Though its expressed interest in Egyptian democracy is flattering, the Washington Post — far from coming away impressed by events in Cairo that, fortitude of domestic opposition notwithstanding, would not have occurred without pressure from Washington — has forgotten the terms to which it previously held the president, and is today showing a sorry measure of ingratitude:

While aggressively campaigning for freedom in Lebanon, the Bush administration continues to gently prod Mr. Mubarak. In a speech last week devoted mostly to Lebanon, President Bush included one sentence saying that credible elections must include "freedom of assembly, multiple candidates, free access by those candidates to the media and the right to form political parties."


The Post should know by now that clarity and purpose alone can carry for this president a single sentence from word to policy to action: witness "the Taliban must act, and act immediately"; and "Saddam Hussein must disarm himself — or, for the sake of peace, we will lead a coalition to disarm him." But critique seems the better part of the Post's valor. Just six weeks ago Ayman Nour was worth supporting because he "is no radical: He recently said he would support Mr. Mubarak for another term as president if he first agreed to constitutional reform." And now?

Though the platform calls for Mr.

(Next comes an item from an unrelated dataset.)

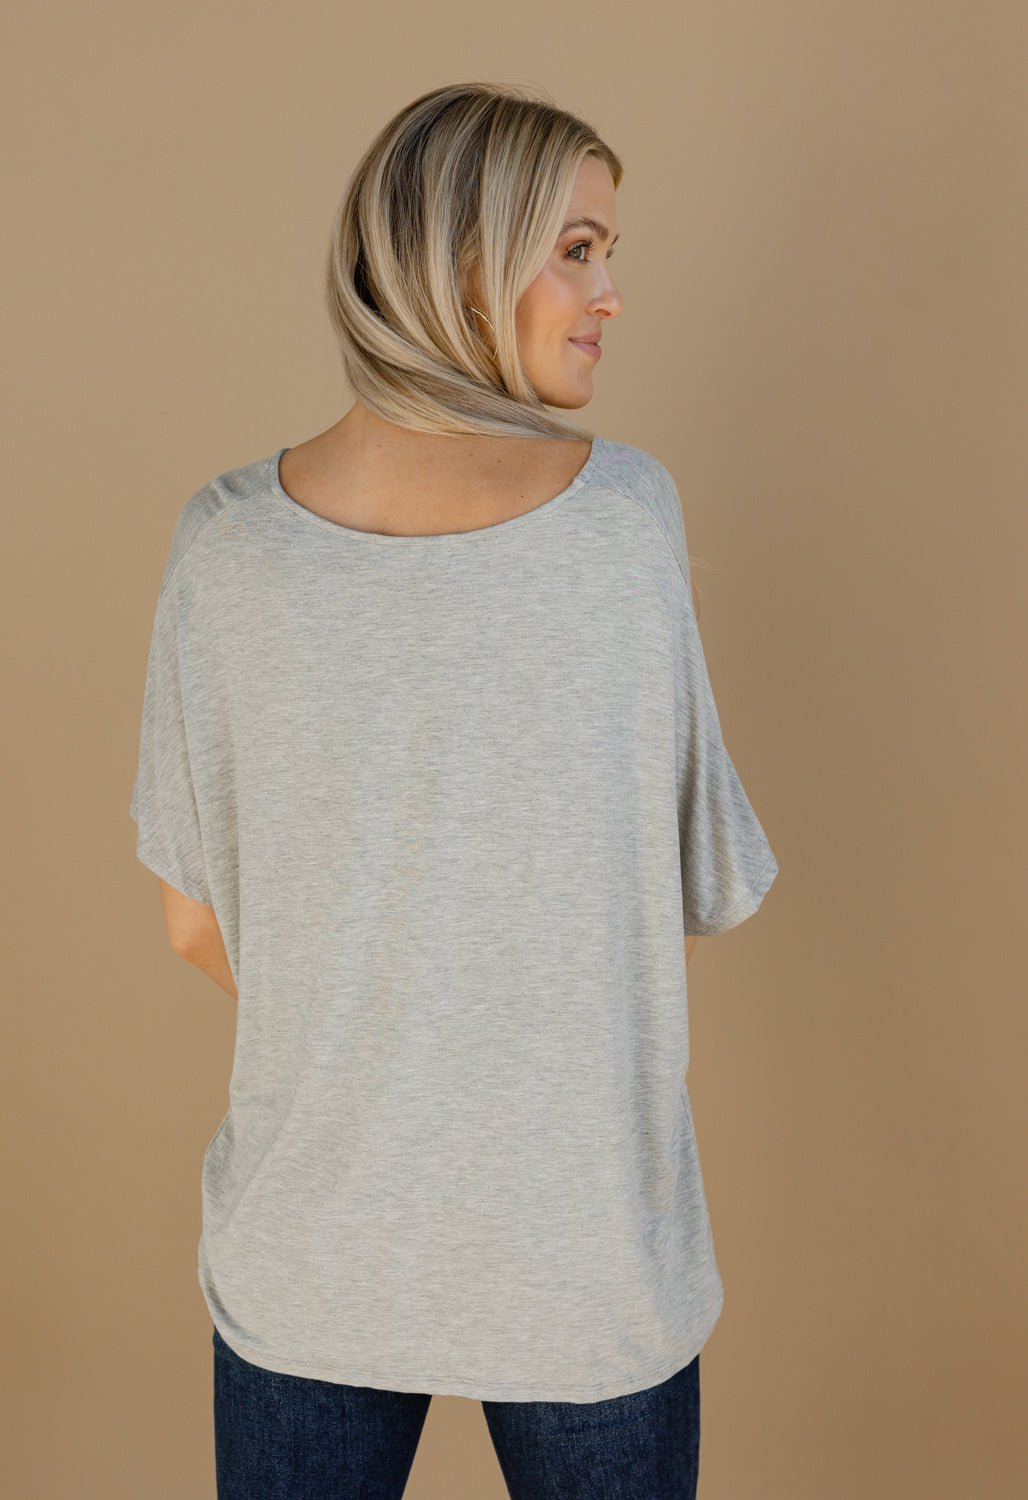 Short Sleeve V-Neck Knot Front Top - HEATHER GREY - willows clothing S/S Shirt

Mubarak to forgo another term, most of the opposition is prepared to accept a new mandate provided the president commits himself to genuine change. So far, however, Mr. Mubarak's concessions are limited to his election plan, which resembles the sham balloting familiar from other dictatorships.


The Post's new position — that an unyielding progressive, a "radical," is what Cairo needs — is my own, as Hosni Mubarak's perpetuation means nothing more than better bread and water during the Egyptian people's collective, open-ended prison sentence. But three weeks ago Ayman Nour was sitting in jail and Mubarak was conceding nothing to popular will. That Nour is free and Egyptian democrats have been offered one of their prime demands within two months of the twenty-fourth year of Mubarak's dictatorial rule — two months that brought triumphant Iraqi elections, President Bush's moral condemnation of tyranny three days later and two weeks after that, Lebanon finally stirring after a political murder to shake off Syria's yoke — is enough to conclude that the Cairo strongman wanted none of this. That in turn indicates Mubarak feels appropriately threatened, and will be, voluntarily or not, the most receptive to surrendering power for the first time in his life.

Which means "gentle prods" have indeed moved Cairo, will more likely continue to than not, and that the Post's editors should recognize good works when the one they asked for is before them now and in progress.